- PROBLEM STATEMENT -
Retype the whole listing exactly. Leave out pictures.

- INFORMATION PROVIDED -
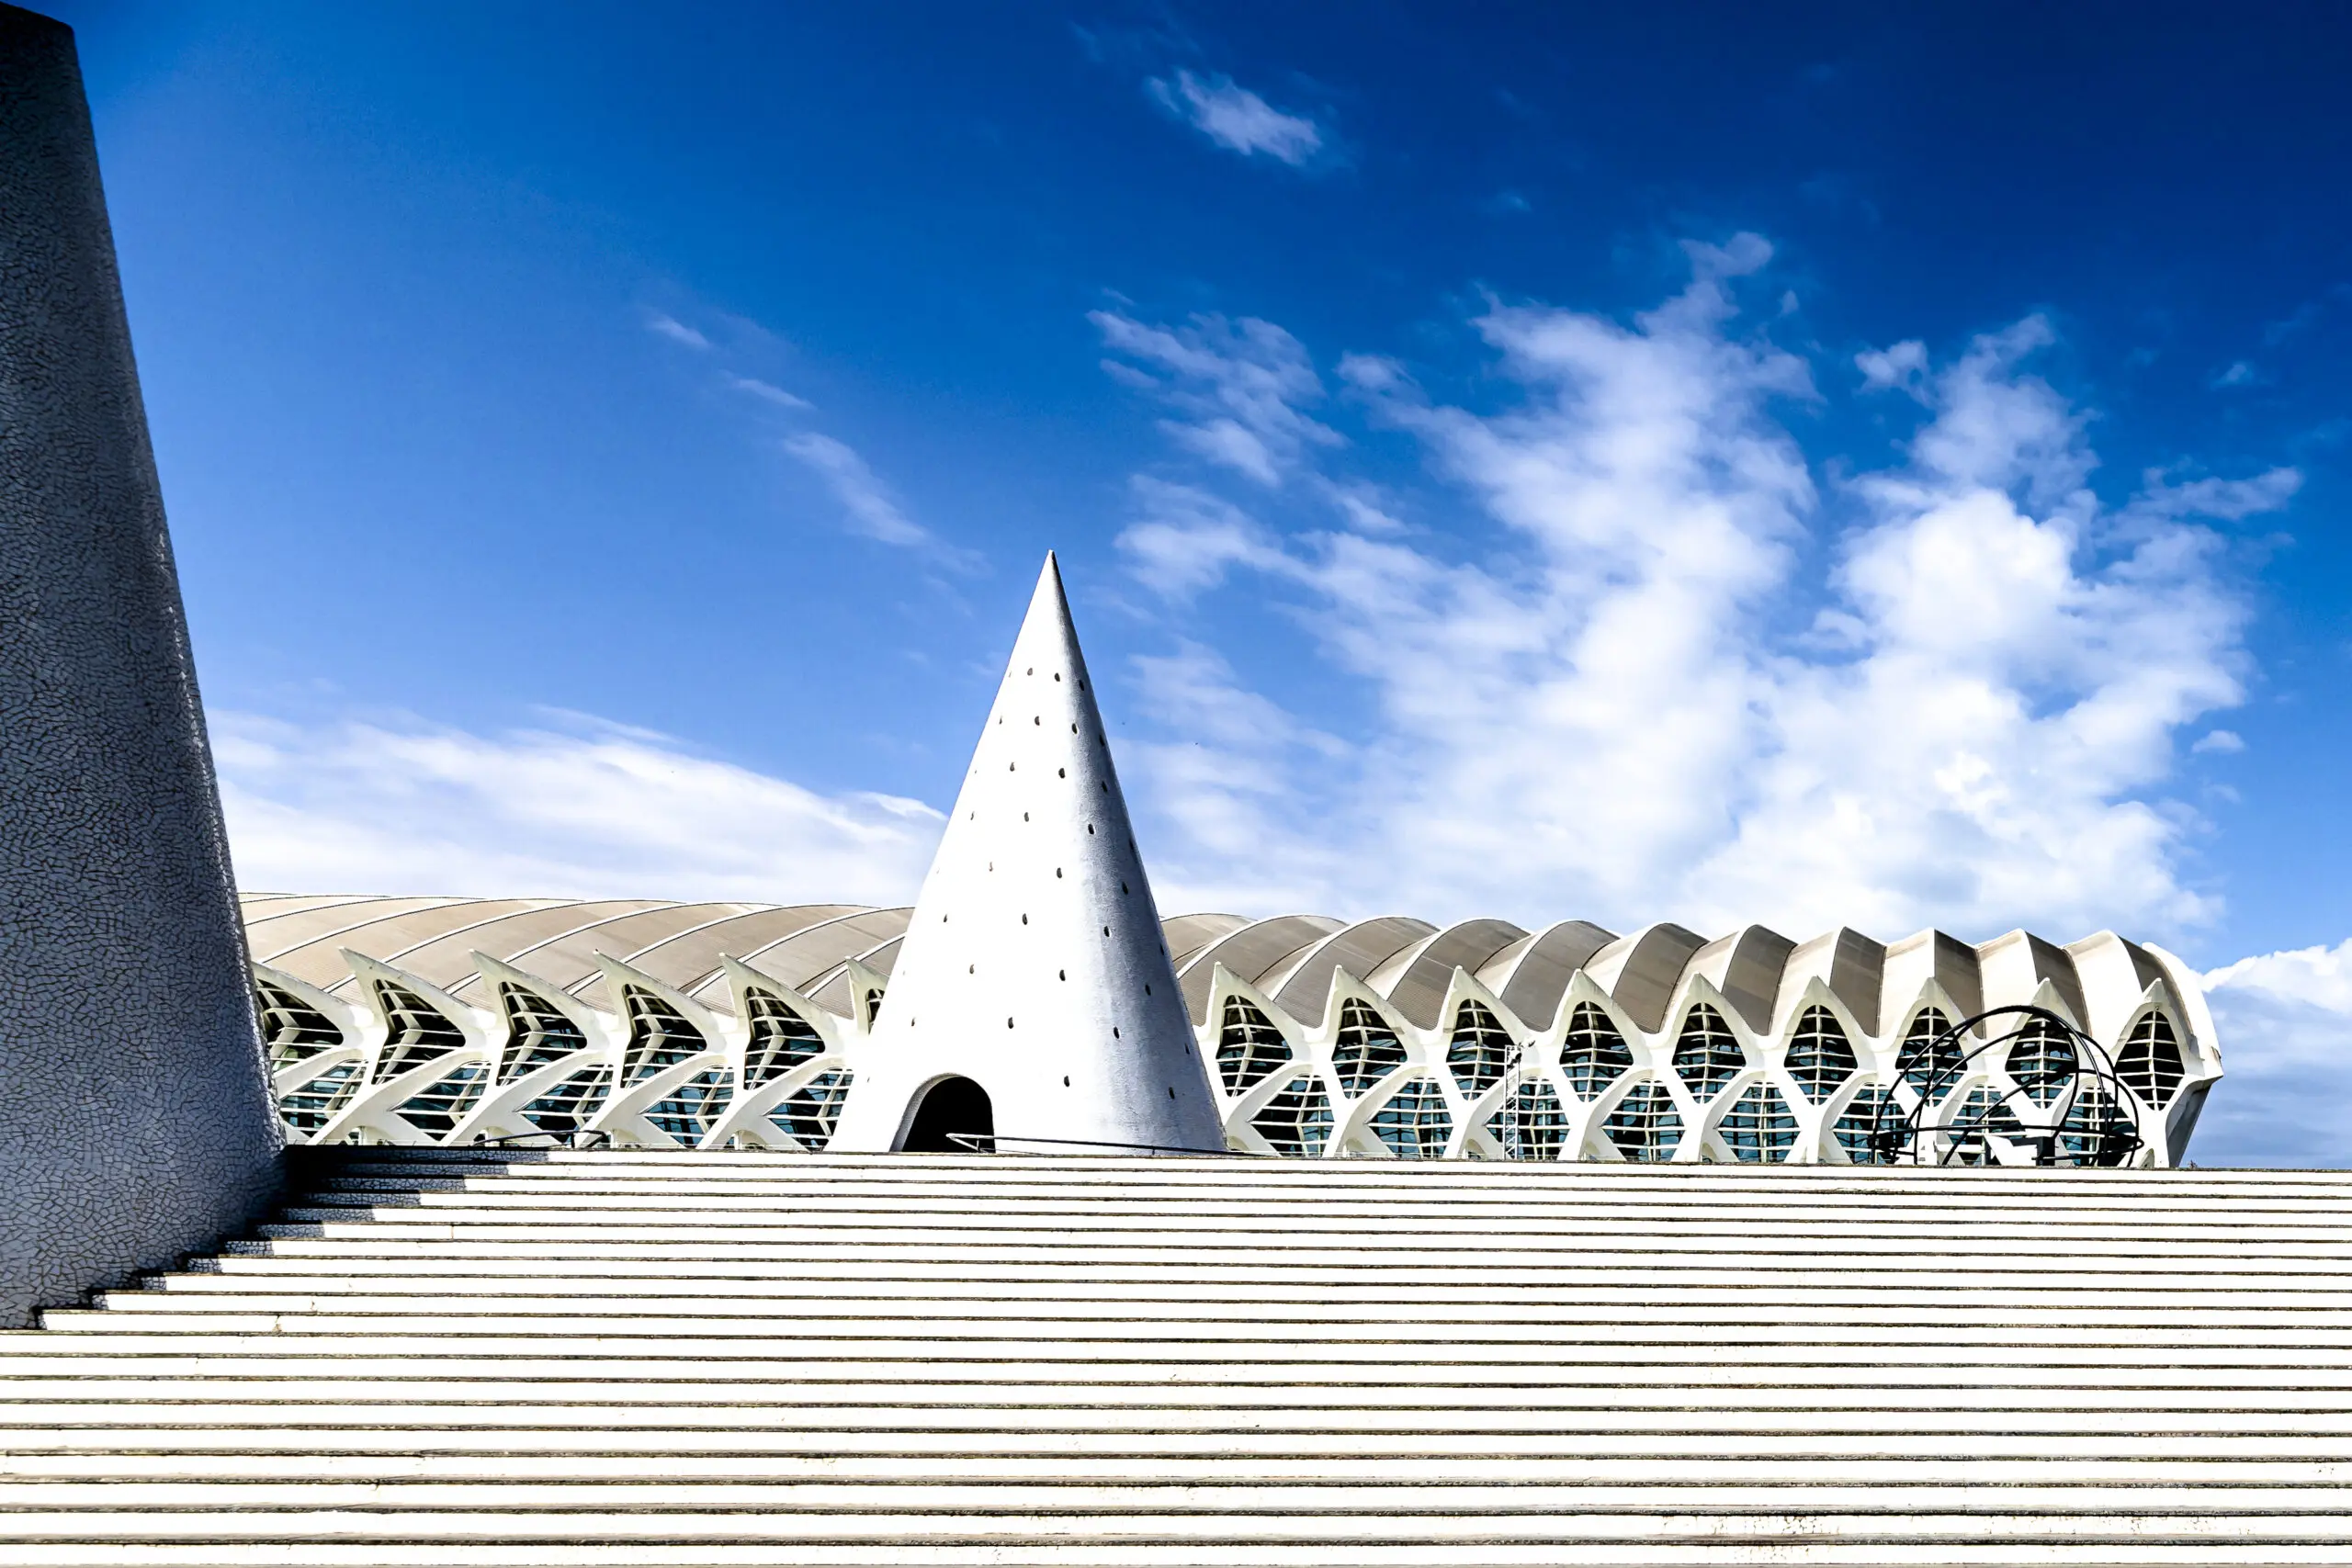 Wandbild (5989) Valencia I präsentiert: Details und Strukturen,Architektur,Sonstige Architektur,Sehenswürdigkeiten,Treppe,Architekturdetails
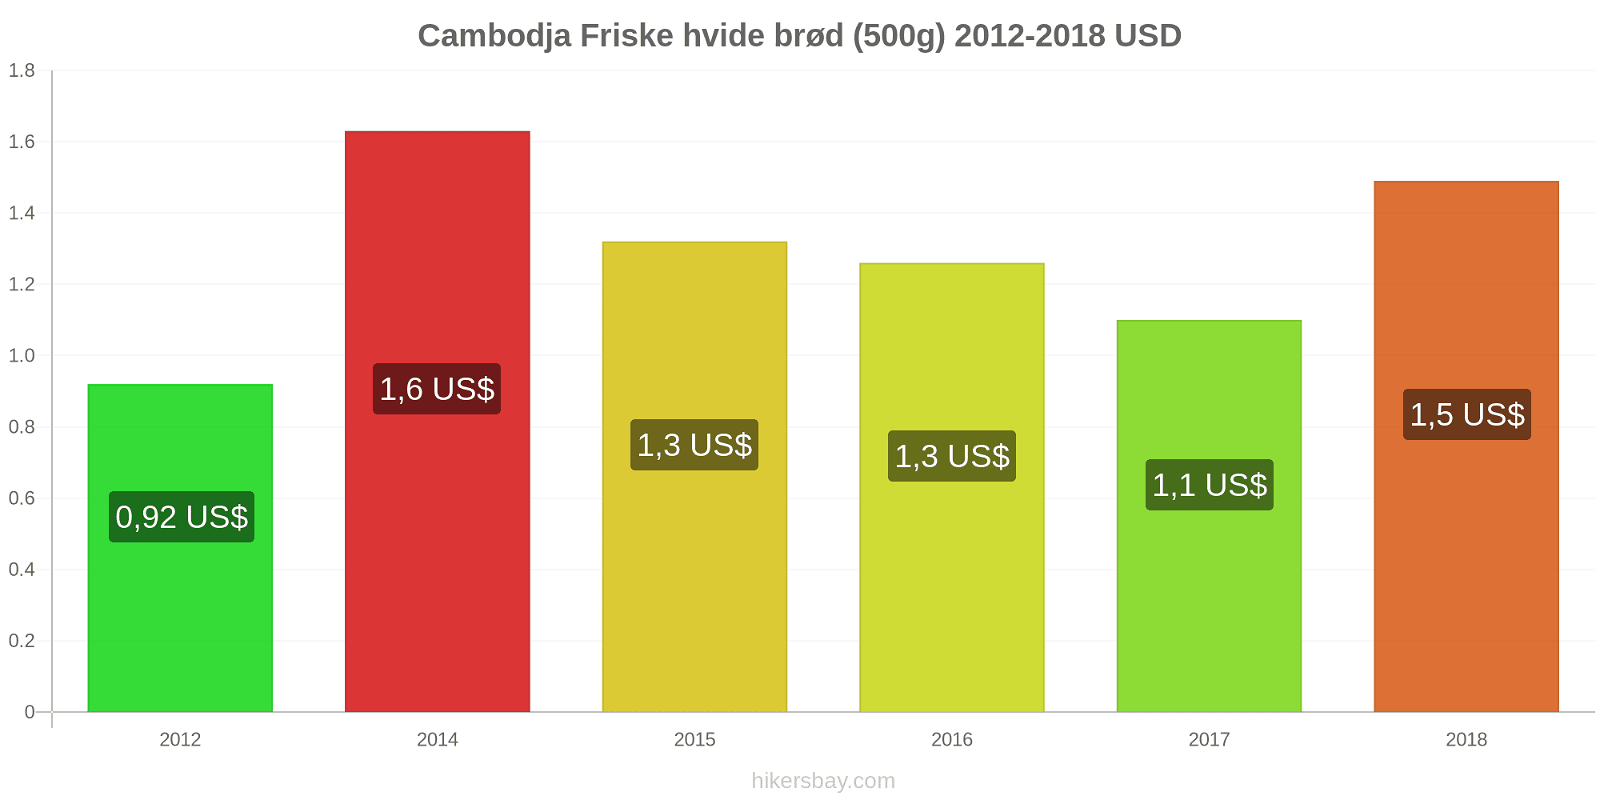 Cambodja prisændringer Friske hvide brød (500g) hikersbay.com
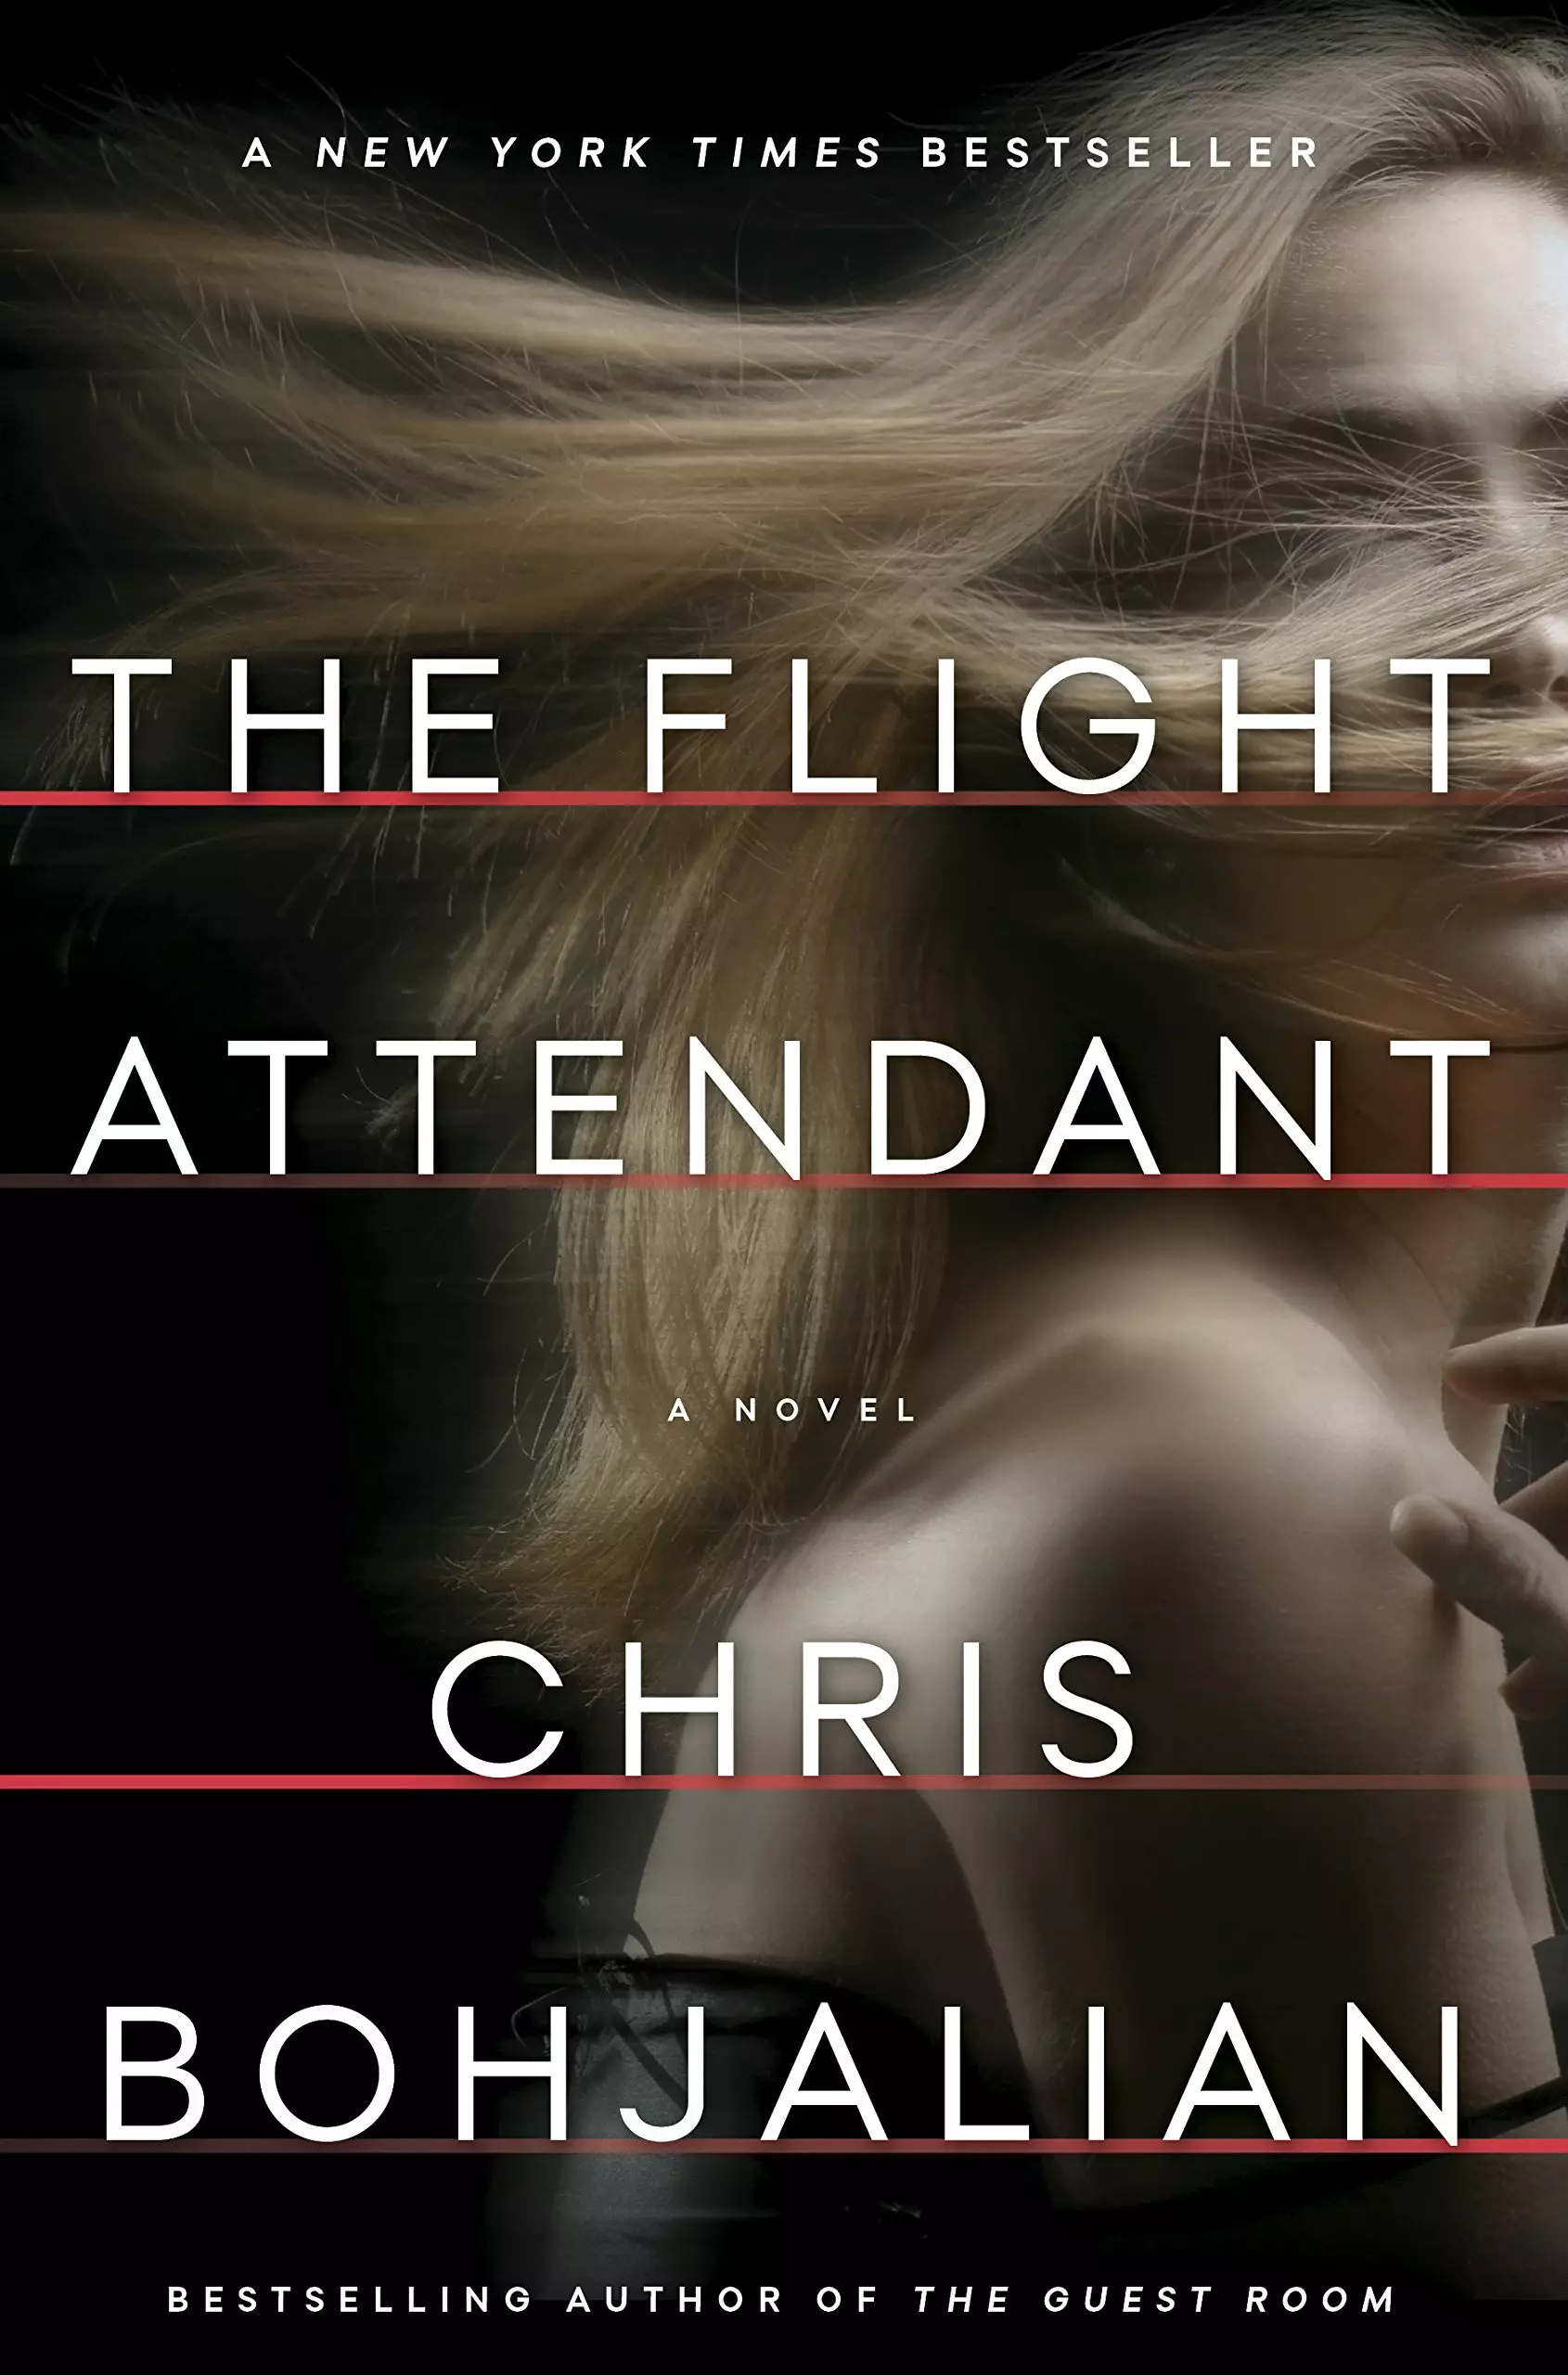 The Flight Attendant will be based on Chris Bohjalian's book

- TASK RESULT -
 Wandbild (5989) Valencia I präsentiert: Details und Strukturen,Architektur,Sonstige Architektur,Sehenswürdigkeiten,Treppe,Architekturdetails
 Cambodja prisændringer Friske hvide brød (500g) hikersbay.com
 The Flight Attendant will be based on Chris Bohjalian's book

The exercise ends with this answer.